Jun 16 22:59:30 kube001 kubelet[10245]: I0616 22:59:30.669183 10245 server.go:1181] “Started kubelet”
Jun 16 22:59:30 kube001 kubelet[10245]: I0616 22:59:30.672216 10245 fs_resource_analyzer.go:67] “Starting FS ResourceAnalyzer”
Jun 16 22:59:30 kube001 kubelet[10245]: I0616 22:59:30.682781 10245 server.go:150] “Starting to listen” address=“0.0.0.0” port=10250
Jun 16 22:59:30 kube001 kubelet[10245]: I0616 22:59:30.685606 10245 server.go:410] “Adding debug handlers to kubelet server”
Jun 16 22:59:30 kube001 kubelet[10245]: E0616 22:59:30.692191 10245 cri_stats_provider.go:455] “Failed to get the info of the filesystem with mountpoint” err=“unable to find data in memory cache” mountpoint="/var/lib/containerd/io.containerd.snapshotter.v1.overlayfs"
Jun 16 22:59:30 kube001 kubelet[10245]: E0616 22:59:30.692236 10245 kubelet.go:1298] “Image garbage collection failed once. Stats initialization may not have completed yet” err=“invalid capacity 0 on image filesystem”


Could you please help me to identify the problem to start the cluster without losing my deployments in the cluster.

Try comment out the entire line like the following

# disabled_plugins = ["cri"]

save the file and then execute the following command
$systemctl restart containerd
than try again

Try to comment out the following line in /etc/containerd/config.toml

#disabled_plugins = ["cri"] 

save the above config file than execute the following line

$systemctl restart containerd

Thanks for your kind reply. I figured out the problem using below two commands.
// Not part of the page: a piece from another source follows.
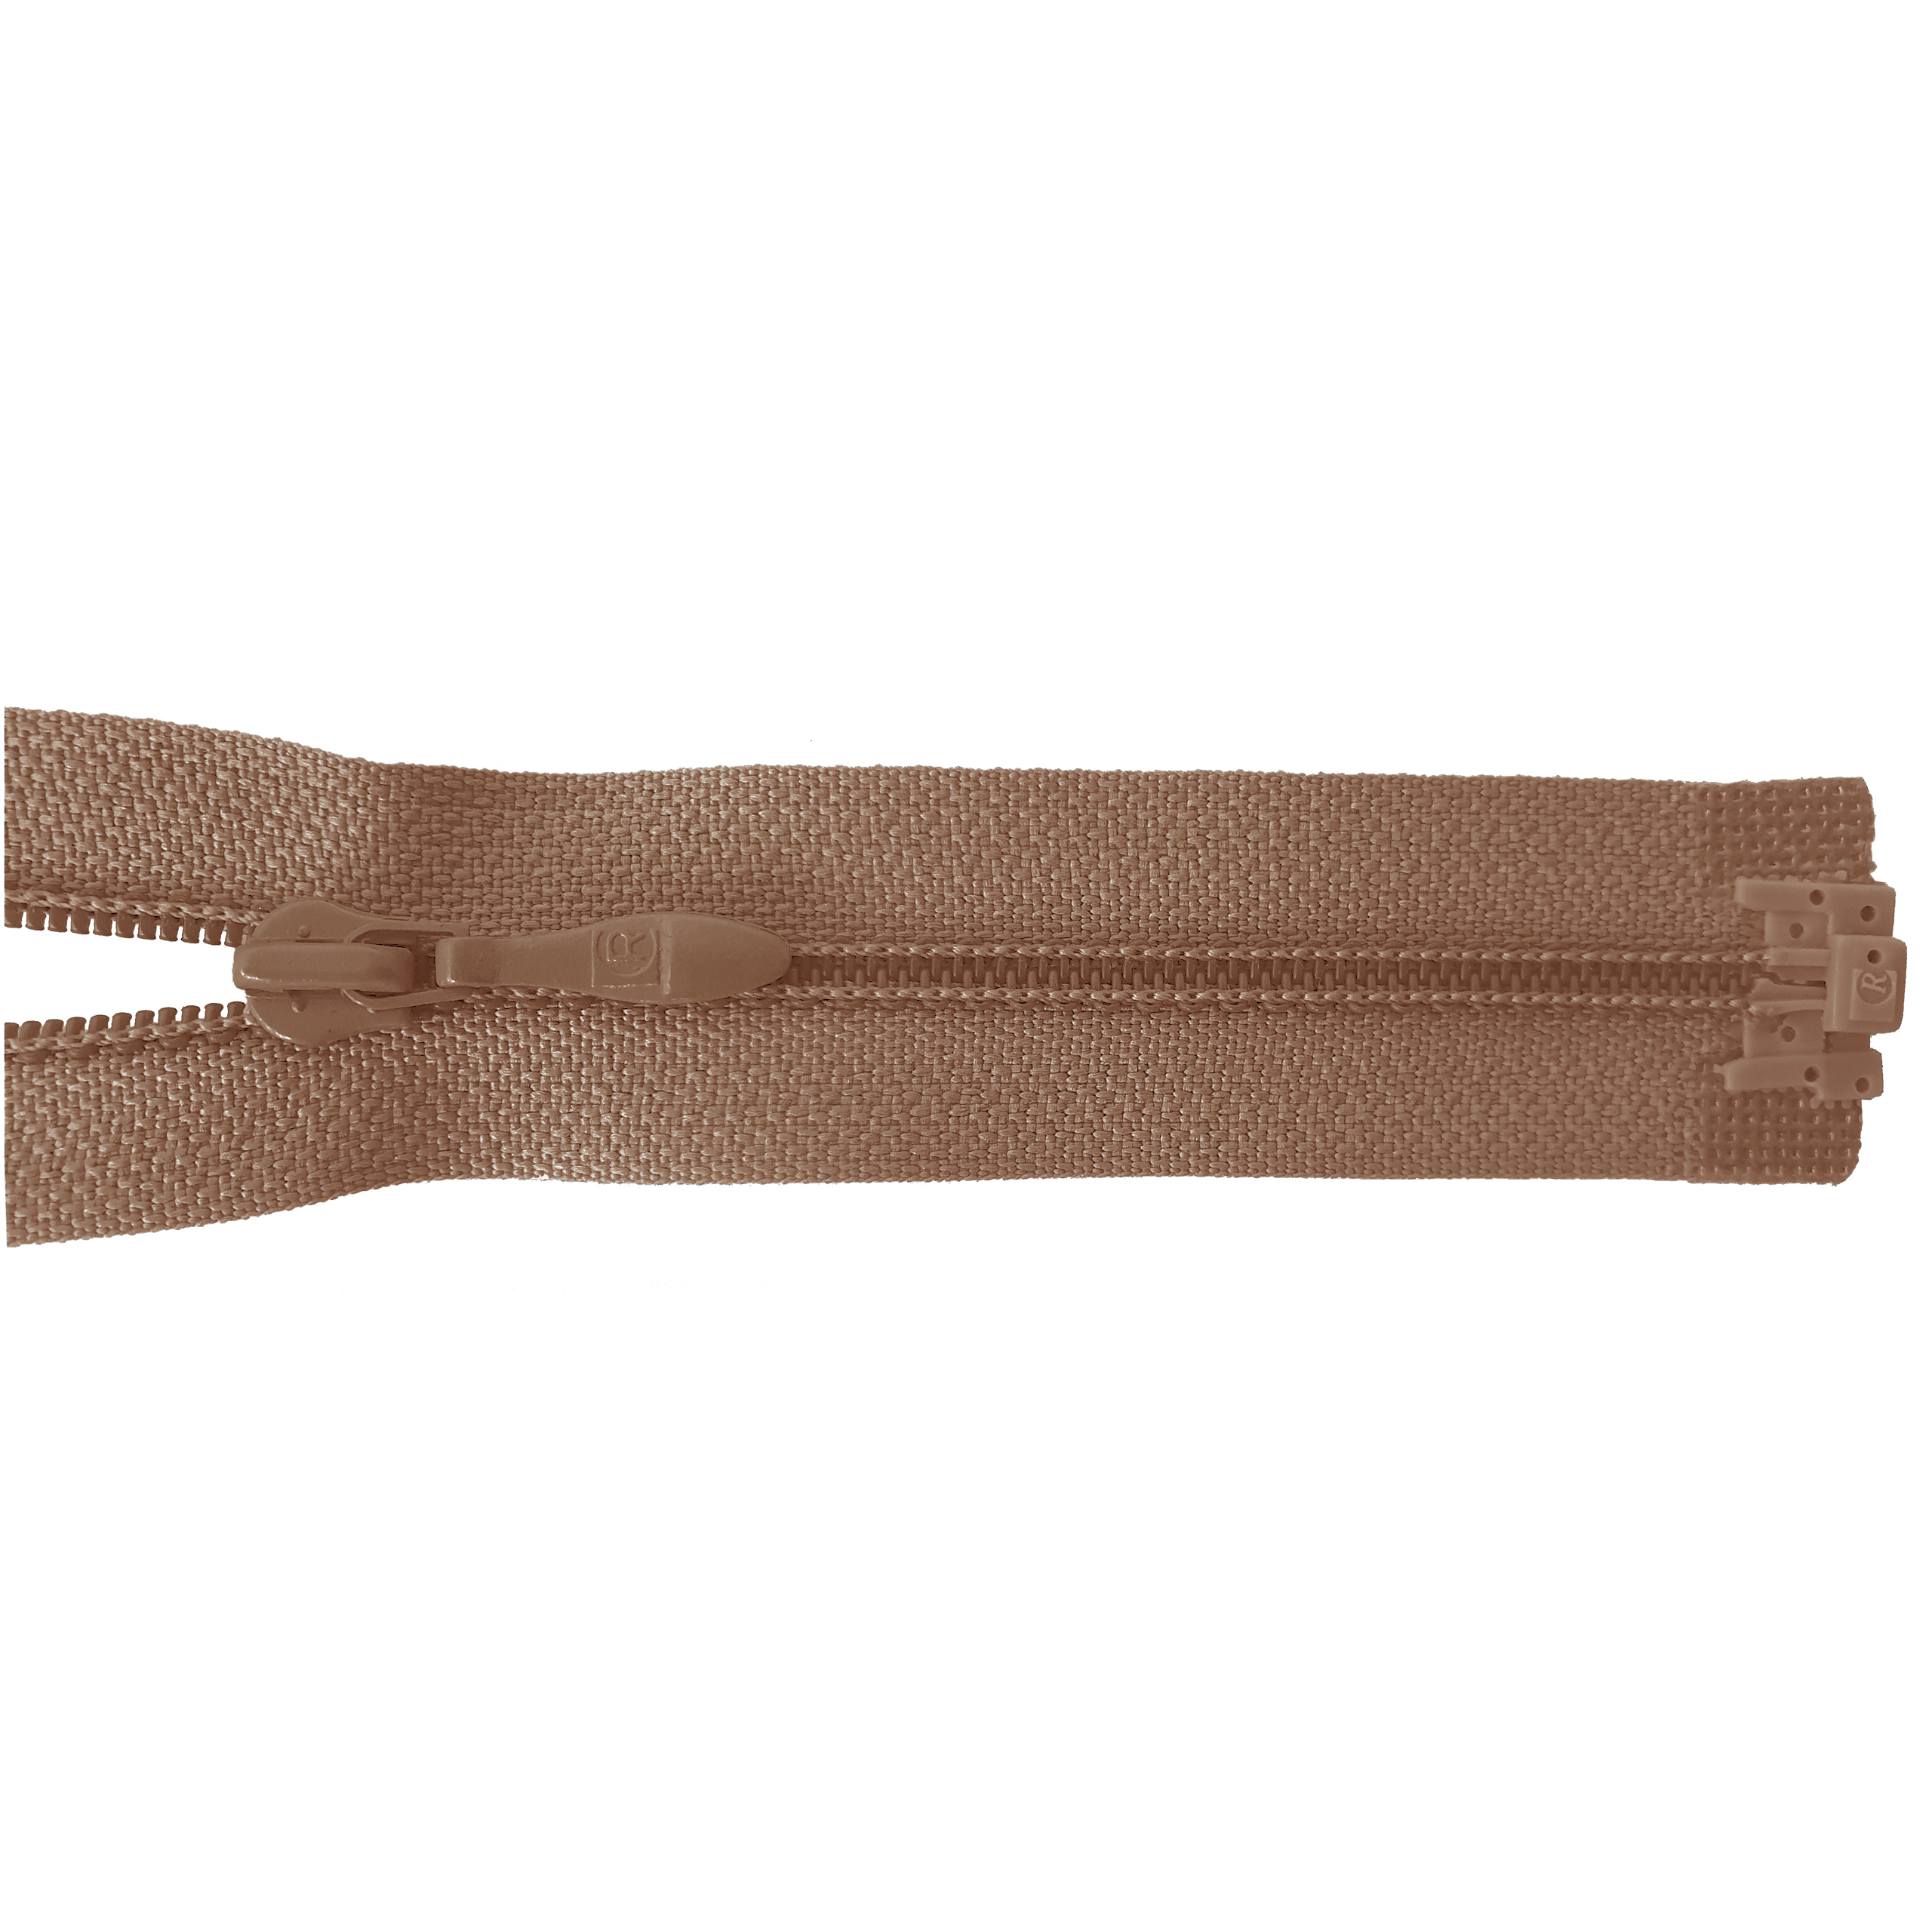 zipper 60cm,divisible, PES spiral, fein, light brown

crictl --runtime-endpoint unix:///run/containerd/containerd.sock ps -a
sudo crictl --runtime-endpoint unix:///run/containerd/containerd.sock logs -f a729fdd387b0a

where a729fdd387b0a is etcd container. As per the logs , an abrupt master node shutdown created inconsistent etcd database. After deleting all the files under /var/lib/etcd/member/wal and /var/lib/etcd/member/snap, the cluster is started but without any data(ns and pods).

But API invocations like below still fails

https://10.96.0.1:443/api/v1/namespaces/XXXXX dur to which secret or config in yaml files doesn’t work. May be need help there.

Hi,
calico is crashing after starting cluster with fresh etcd by deleting etcd files.

Cluster info is below
[root@kube001 ~]kubectl get services
NAME TYPE CLUSTER-IP EXTERNAL-IP PORT(S) AGE
kubernetes ClusterIP 10.96.0.1 443/TCP 16h
nginx LoadBalancer 10.99.16.7 80:32648/TCP 15h
[root@kube001 ~]#

[root@kube001 ~]# crictl --runtime-endpoint unix:///var/run/cri-dockerd.sock logs -f e1ea631fd5201
2022-06-17 16:15:36.575 [INFO][9] startup/startup.go 425: Early log level set to info
2022-06-17 16:15:36.576 [INFO][9] startup/utils.go 127: Using NODENAME environment for node name kube001
2022-06-17 16:15:36.576 [INFO][9] startup/utils.go 139: Determined node name: kube001
2022-06-17 16:15:36.576 [INFO][9] startup/startup.go 94: Starting node kube001 with version v3.23.1
2022-06-17 16:15:36.577 [INFO][9] startup/startup.go 430: Checking datastore connection
2022-06-17 16:16:06.614 [INFO][9] startup/startup.go 445: Hit error connecting to datastore - retry error=Get “https://10.96.0.1:443/api/v1/nodes/foo”: dial tcp 10.96.0.1:443: i/o timeout
2022-06-17 16:16:08.630 [INFO][9] startup/startup.go 445: Hit error connecting to datastore - retry error=Get “https://10.96.0.1:443/api/v1/nodes/foo”: dial tcp 10.96.0.1:443: connect: no route to host
2022-06-17 16:16:09.642 [INFO][9] startup/startup.go 445: Hit error connecting to datastore - retry error=Get “https://10.96.0.1:443/api/v1/nodes/foo”: dial tcp 10.96.0.1:443: connect: no route to host

Why is the cluster IP not reachable?